Erik is having a difficult time with sharing what he is sharing. This is not particularly difficult to see in the shadows of his face. But Ellen is crazy and worshipful of him, and is not going to tell anyone. Or laugh. Probably. "Jean's diagnosis included speculation that high emotion may trigger fluxuations in the current status of her psionic centers."

Ellen does not laugh. She blinks. She says, "Ah." Then she tilts a look up at him, expression gone extremely blank. "Orgasm."

Erik does not say, 'Ellen!' He does, however, look at her in a slightly startled way that suggests that he might like to, if he were more prone to that sort of outburst. Instead, he pulls in a deep breath, arches a brow, and manfully says, "Yes."

Ellen hmms softly and, if it is possible, straightens -- although her spine is quite straight anyway and it is difficult to tell. "I cannot actually conceive of a way that conversation could have gone well."

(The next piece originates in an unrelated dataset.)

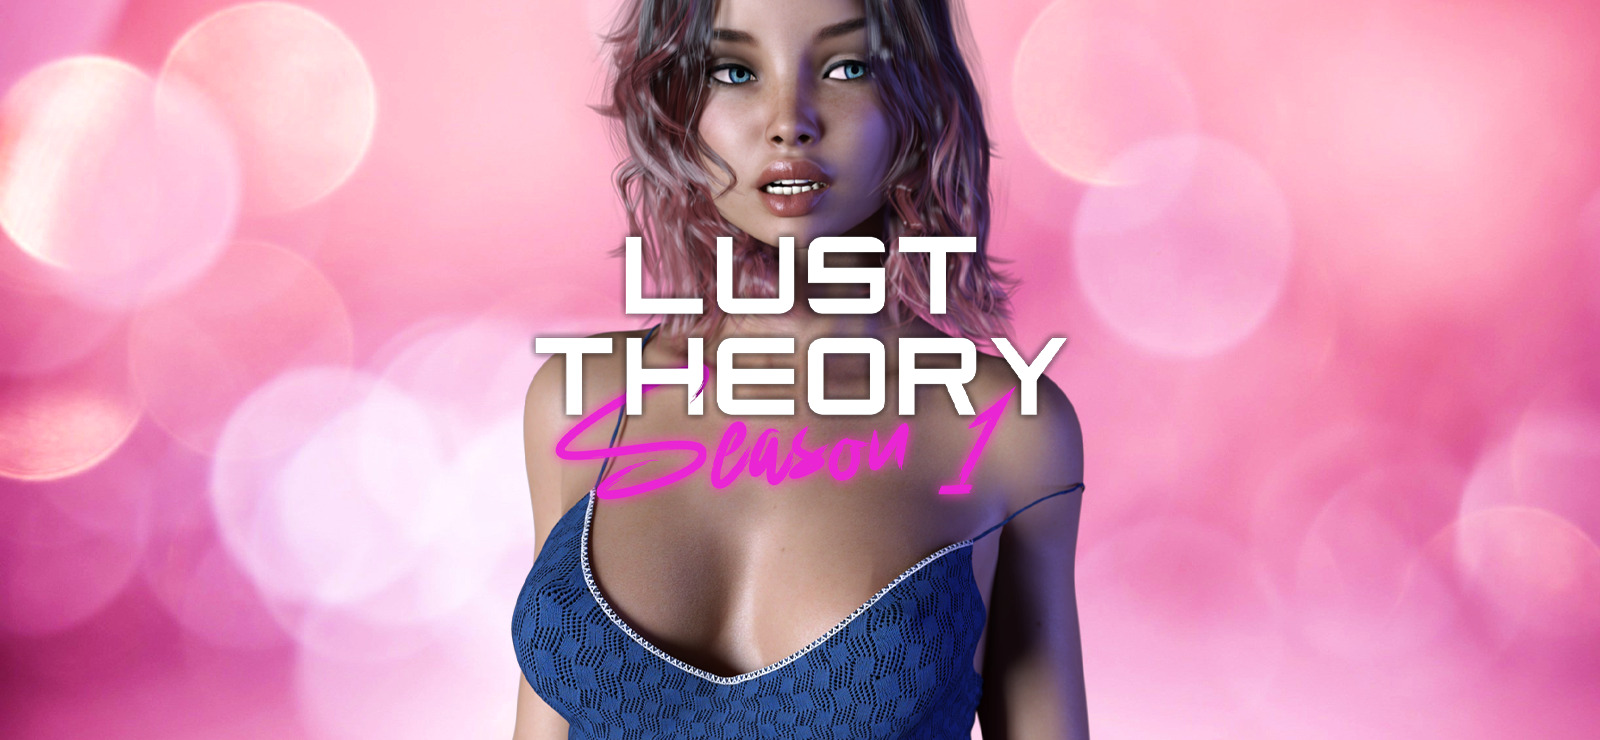 60% Lust Theory - Season 1 on GOG.com
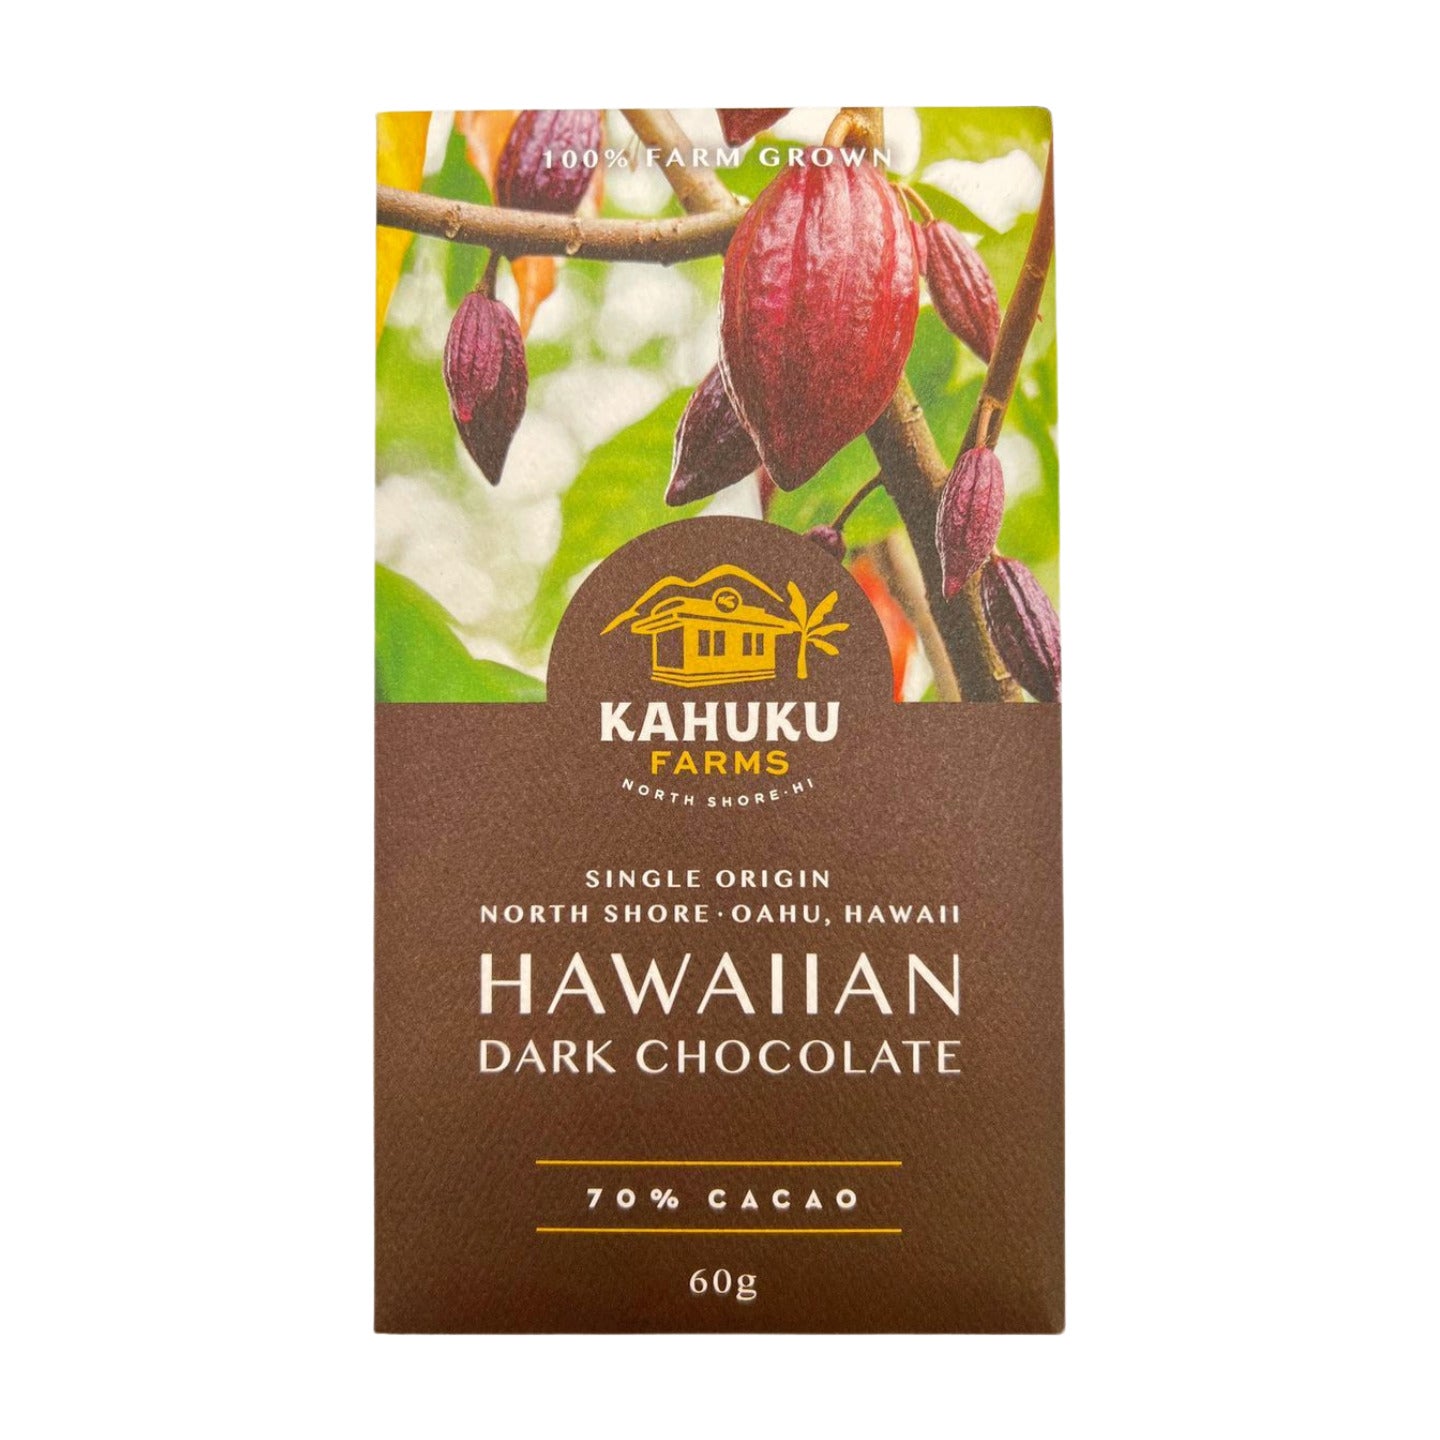 Pop-Up Mākeke - Kahuku Farms - Hawaiian Dark Chocolate (70%) - Front View

Erik expells that drawn in breath, long and slow. A little tired and exasperated, as well. This in itself is effective confirmation. The conversation did not go well.

"I /am/ sorry, sir. That is frustrating." Ellen seems to be aware that this is not exactly a great deal of help; her lips twist into a grimace, rue etching the corners of her mouth, though the expression is obscure in the dark. "It is not as though you weren't trying to help."

"Mmm. That was my standpoint, really, but I think what made her really angry was that I did not admit to what I was attempting to do. Even if I did have positive intentions." Sort of, says the incline of his brows, which settle down low again after a few second's pause. His right hand drops back to his side, taking the ball of iron and steel with it. "I became distracted."

"Yes. That is probably what--" Ellen breaks off, raising her eyebrows. "Distracted."

Uneasy again, Erik looks as though he intends to offer some sort of explanation, and, in the end, only manages to mutter, "Distracted." back at her. Ahead, the forest is thinning, and Erik is scowling at it reproachfully for doing so.

"I see." Ellen doesn't, but that is neither here nor there; she pads along beside him in silence for a moment, becoming increasingly aware of the dwindling trees herself, and then observes, "She has left before."

"I would rather that she didn't." Voice still quiet at a near-mutter, Erik glances back aside to Ellen for the first time in a little while, cool gaze starkly direct in the course of honesty before it flickers away again. "I should not be bothering you with this."

"I do not mind," Ellen says, her voice quite soft.

"I know. And I do appreciate that you listen. But I have sulked for long enough, and I have a few augmentations I need to make to the mechanism I've installed into the roof of Warehouse Alpha. So if you would be so kind as to excuse me--" uncessarily polite, perhaps, Erik tips a lazy pair of fingers to his temples and adjusts the angle of his pace once he hits the clearing, towards the warehouse in question.

"Very well, sir." Ellen inclines her head and, momentarily, halts; she stands there watching him head for the warehouse, and then resumes walking, her apparent aim the dryhouse.